A word-for-word copy of the data, pictures excluded, is what this task asks for.

◆ Information provided:
--------

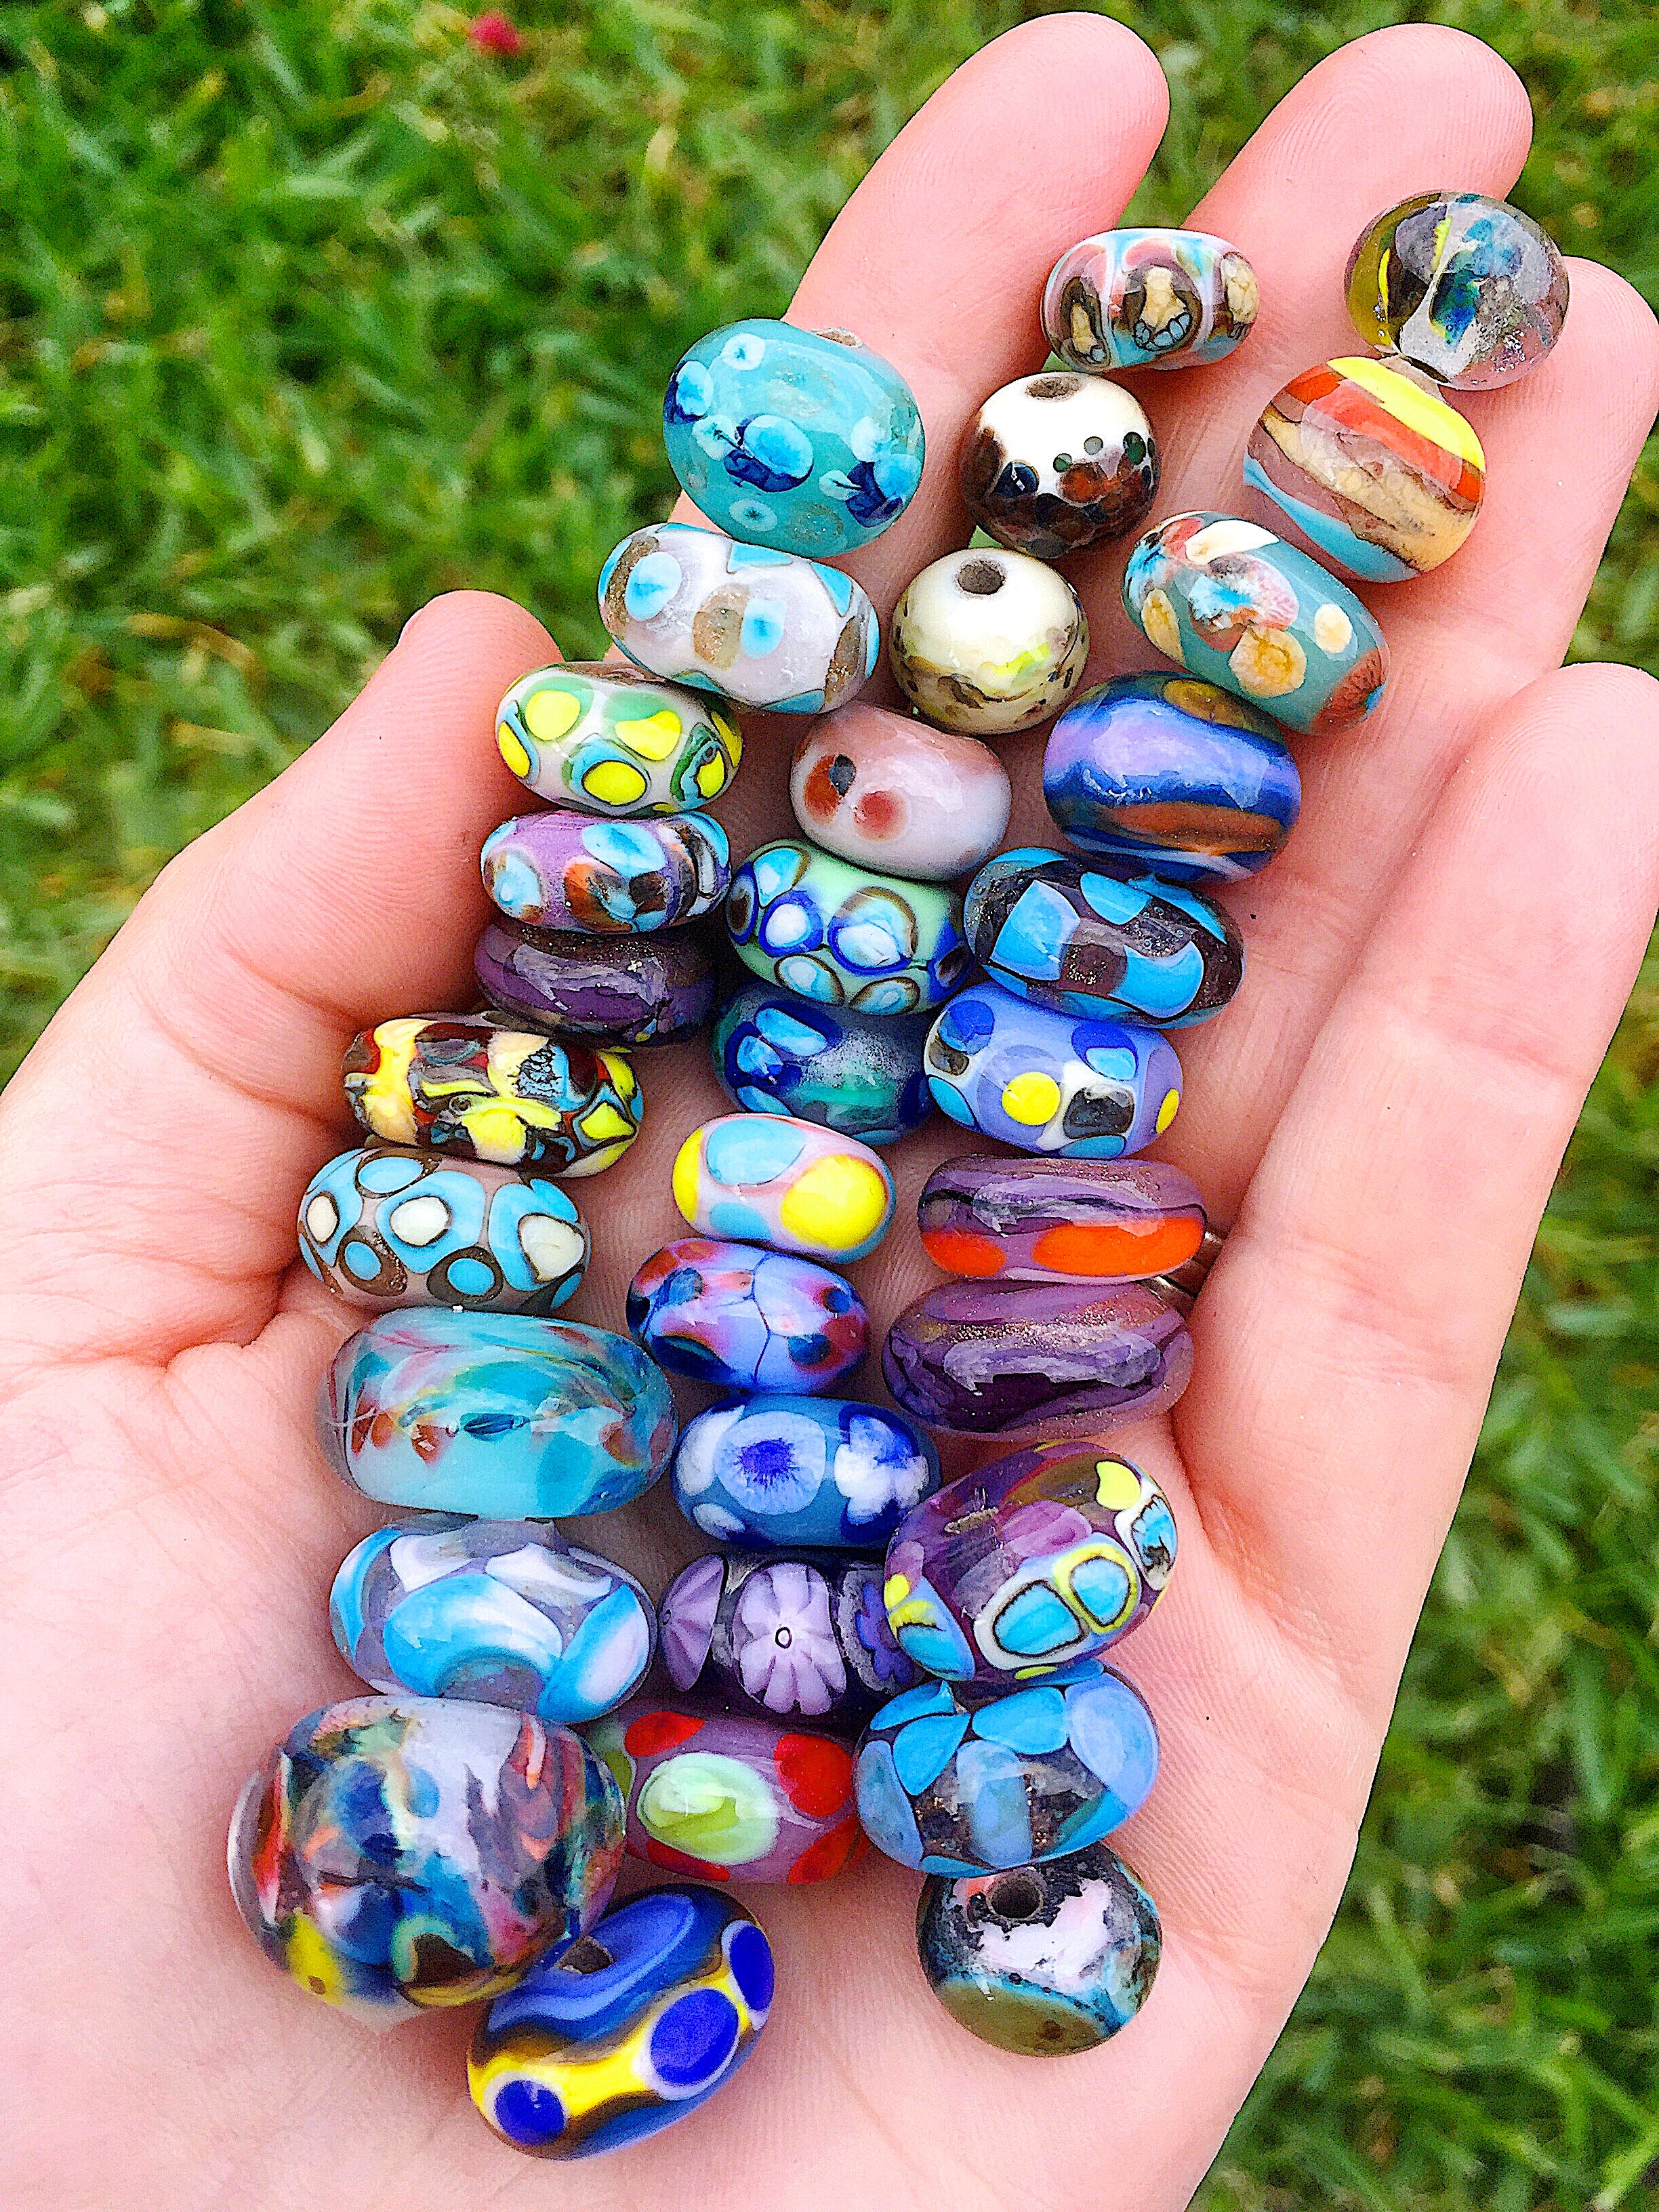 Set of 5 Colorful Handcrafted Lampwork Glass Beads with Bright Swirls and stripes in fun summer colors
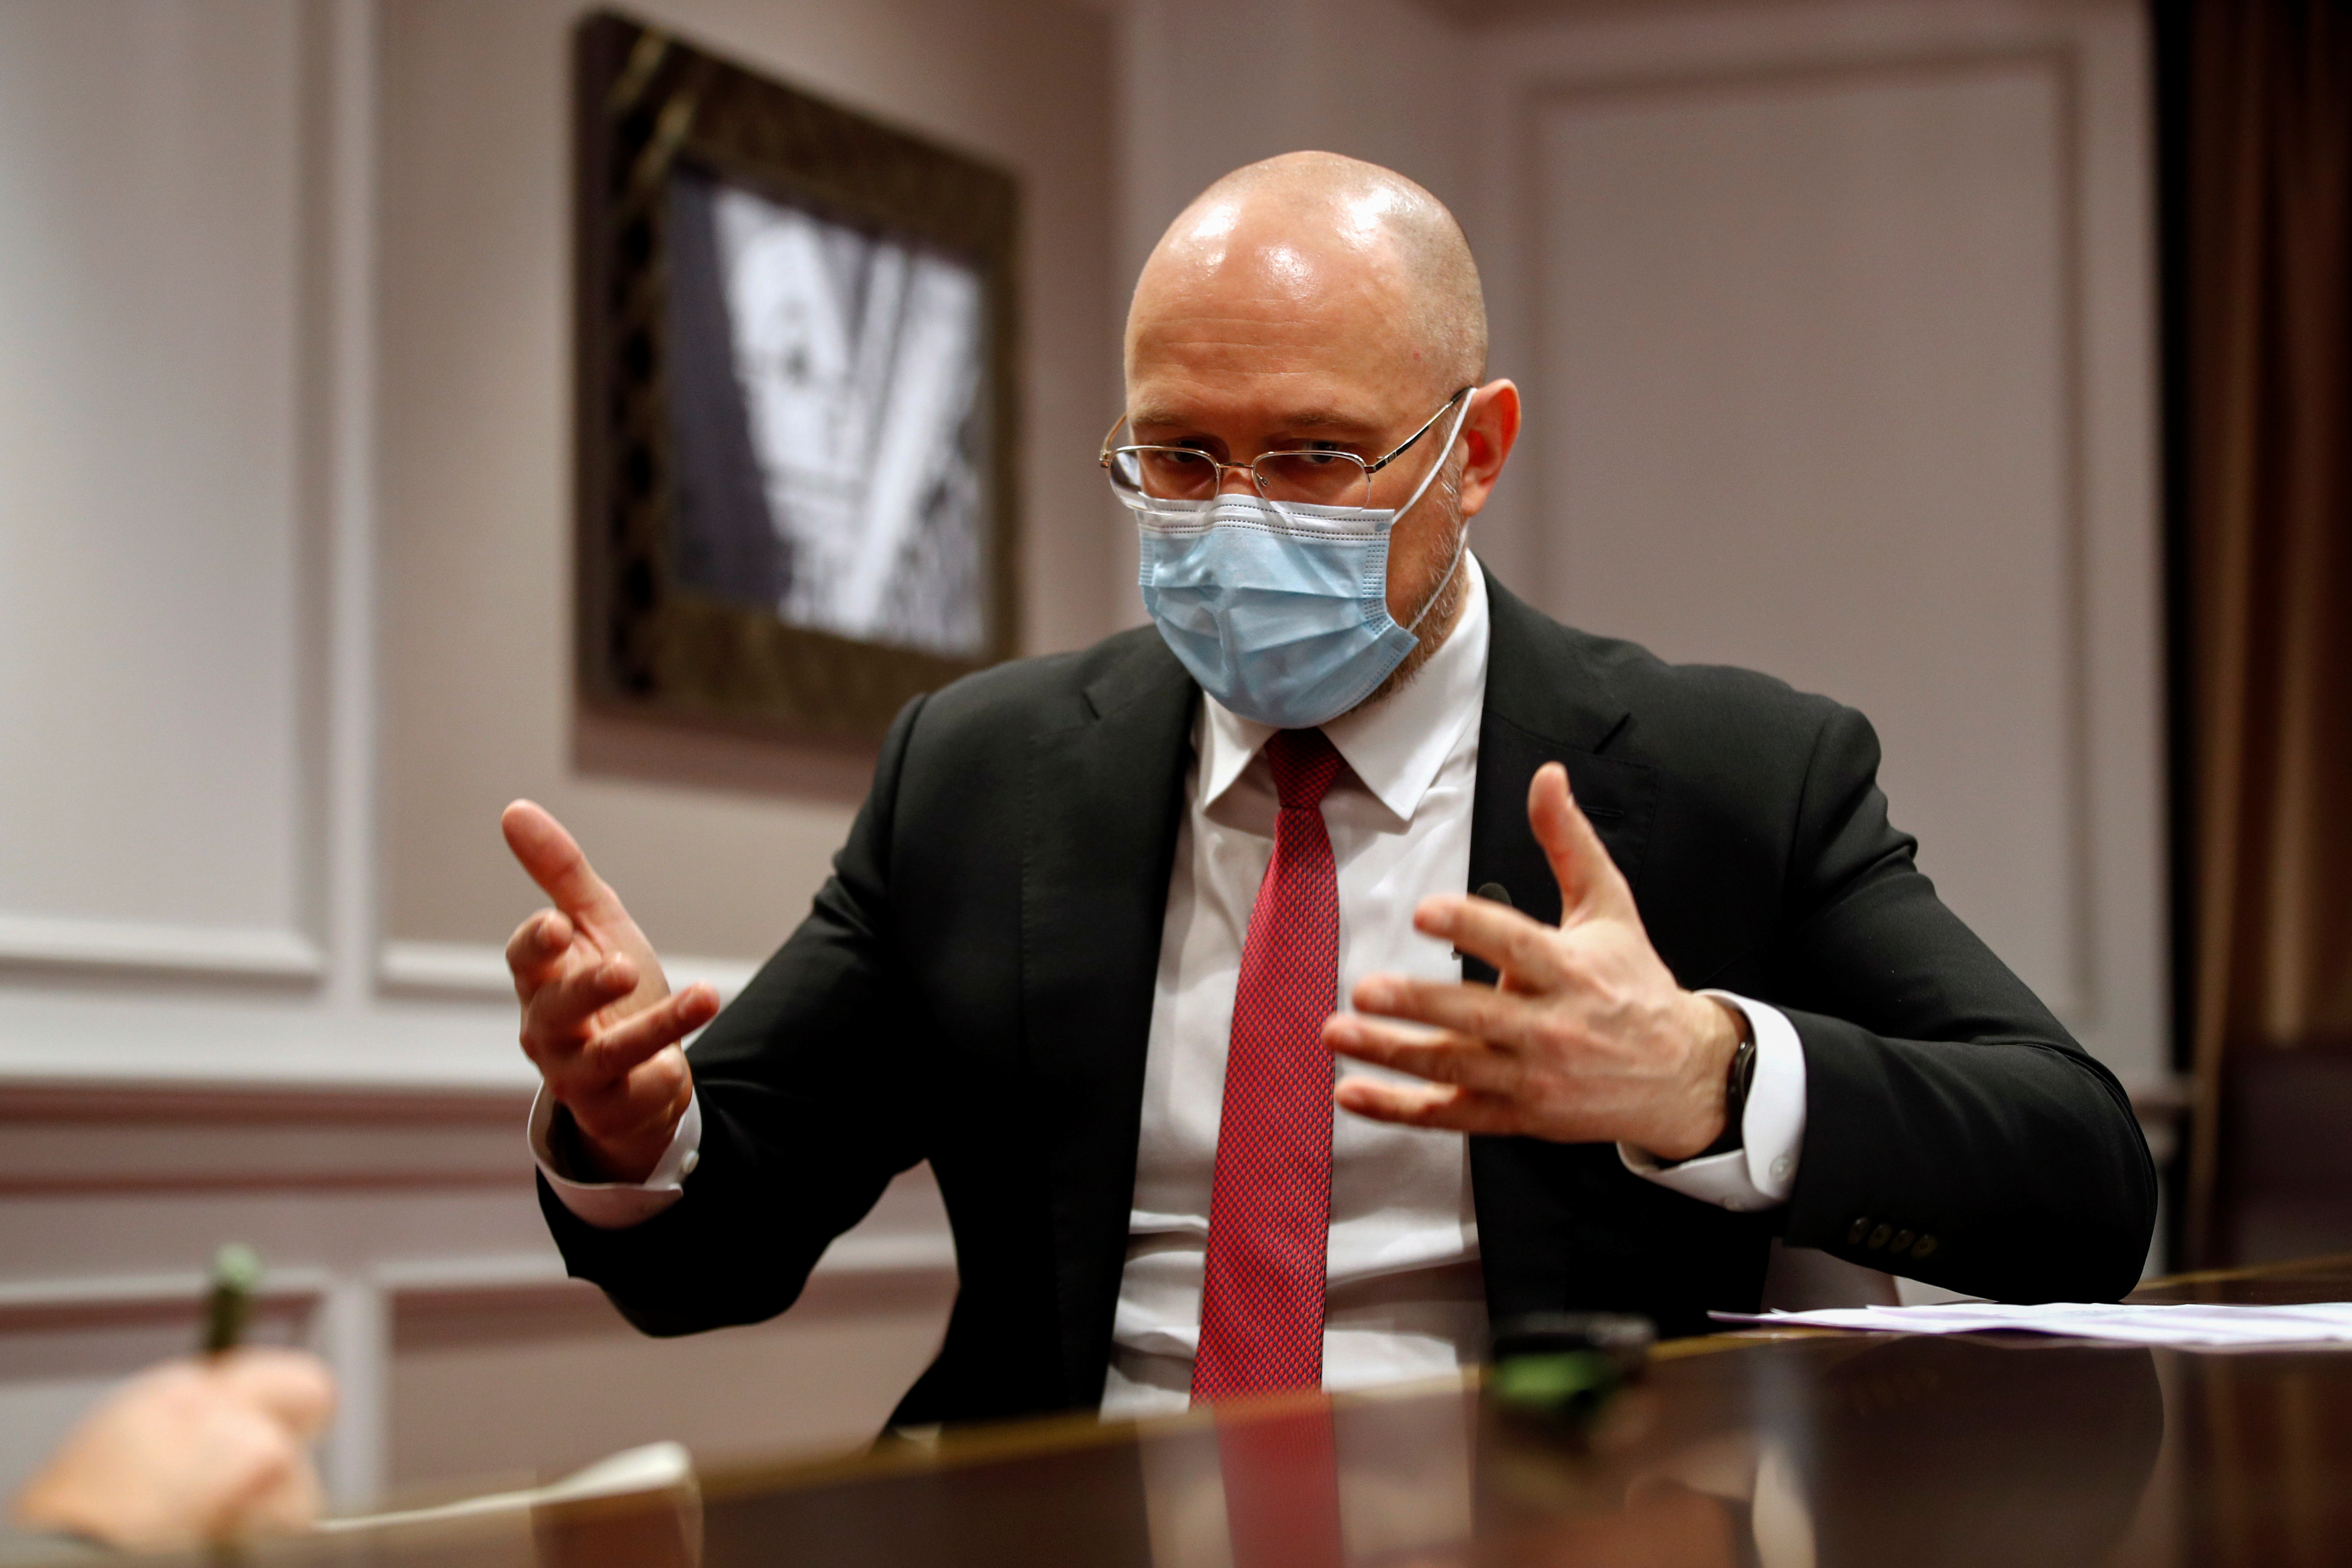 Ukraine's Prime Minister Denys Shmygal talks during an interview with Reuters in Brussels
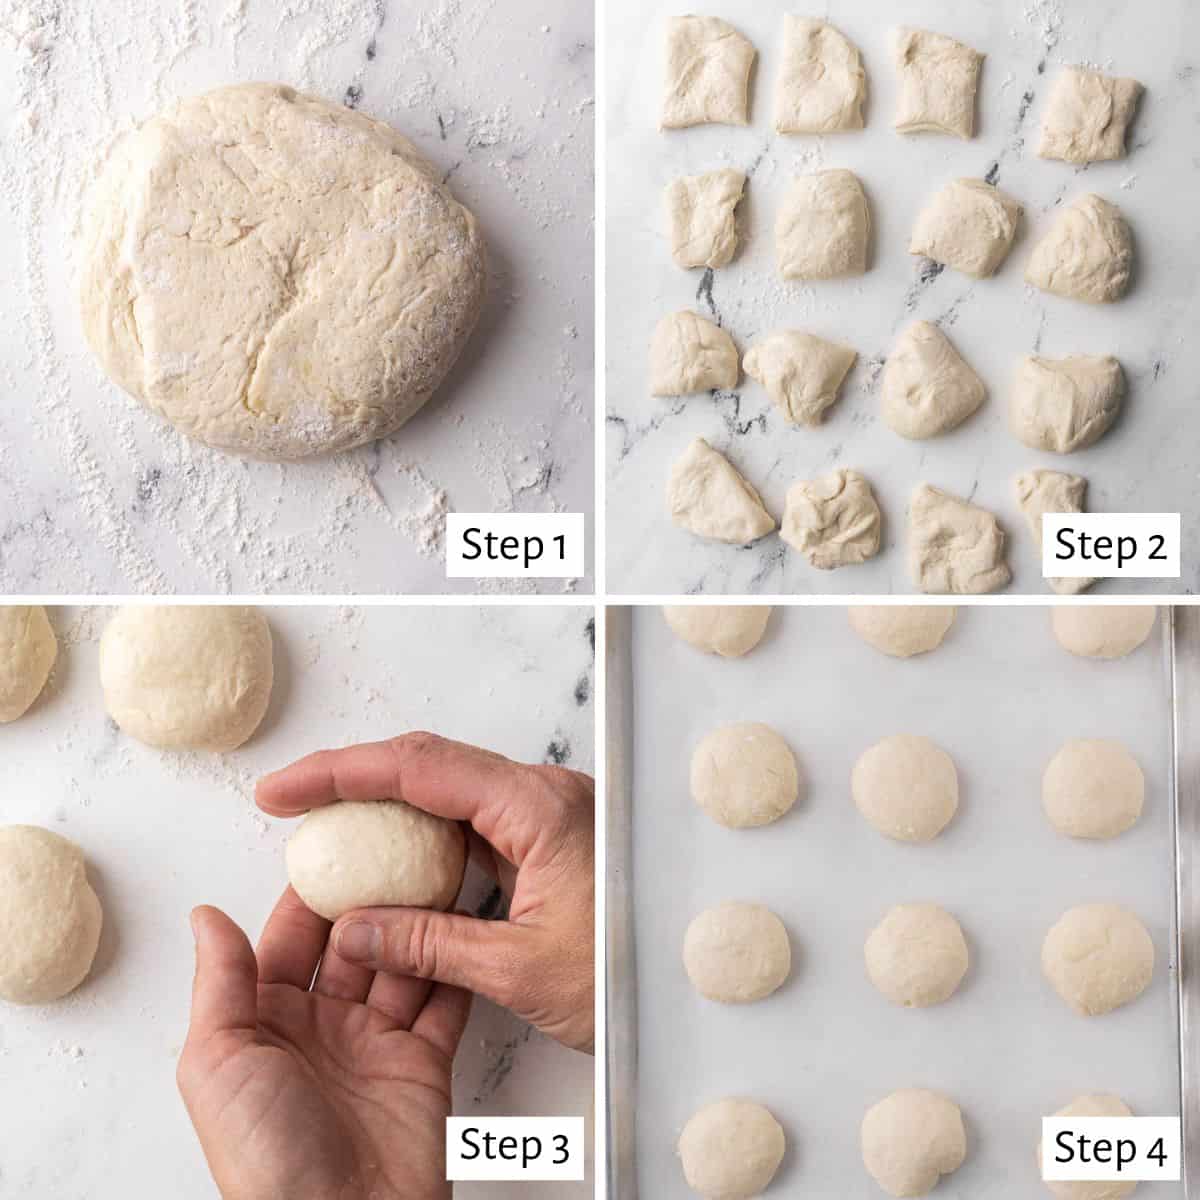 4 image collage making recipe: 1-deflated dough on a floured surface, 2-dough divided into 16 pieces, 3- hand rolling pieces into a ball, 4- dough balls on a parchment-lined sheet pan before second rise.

--------

◆ Exercise solution:
 Set of 5 Colorful Handcrafted Lampwork Glass Beads with Bright Swirls and stripes in fun summer colors
 Ukraine's Prime Minister Denys Shmygal talks during an interview with Reuters in Brussels
 4 image collage making recipe: 1-deflated dough on a floured surface, 2-dough divided into 16 pieces, 3- hand rolling pieces into a ball, 4- dough balls on a parchment-lined sheet pan before second rise.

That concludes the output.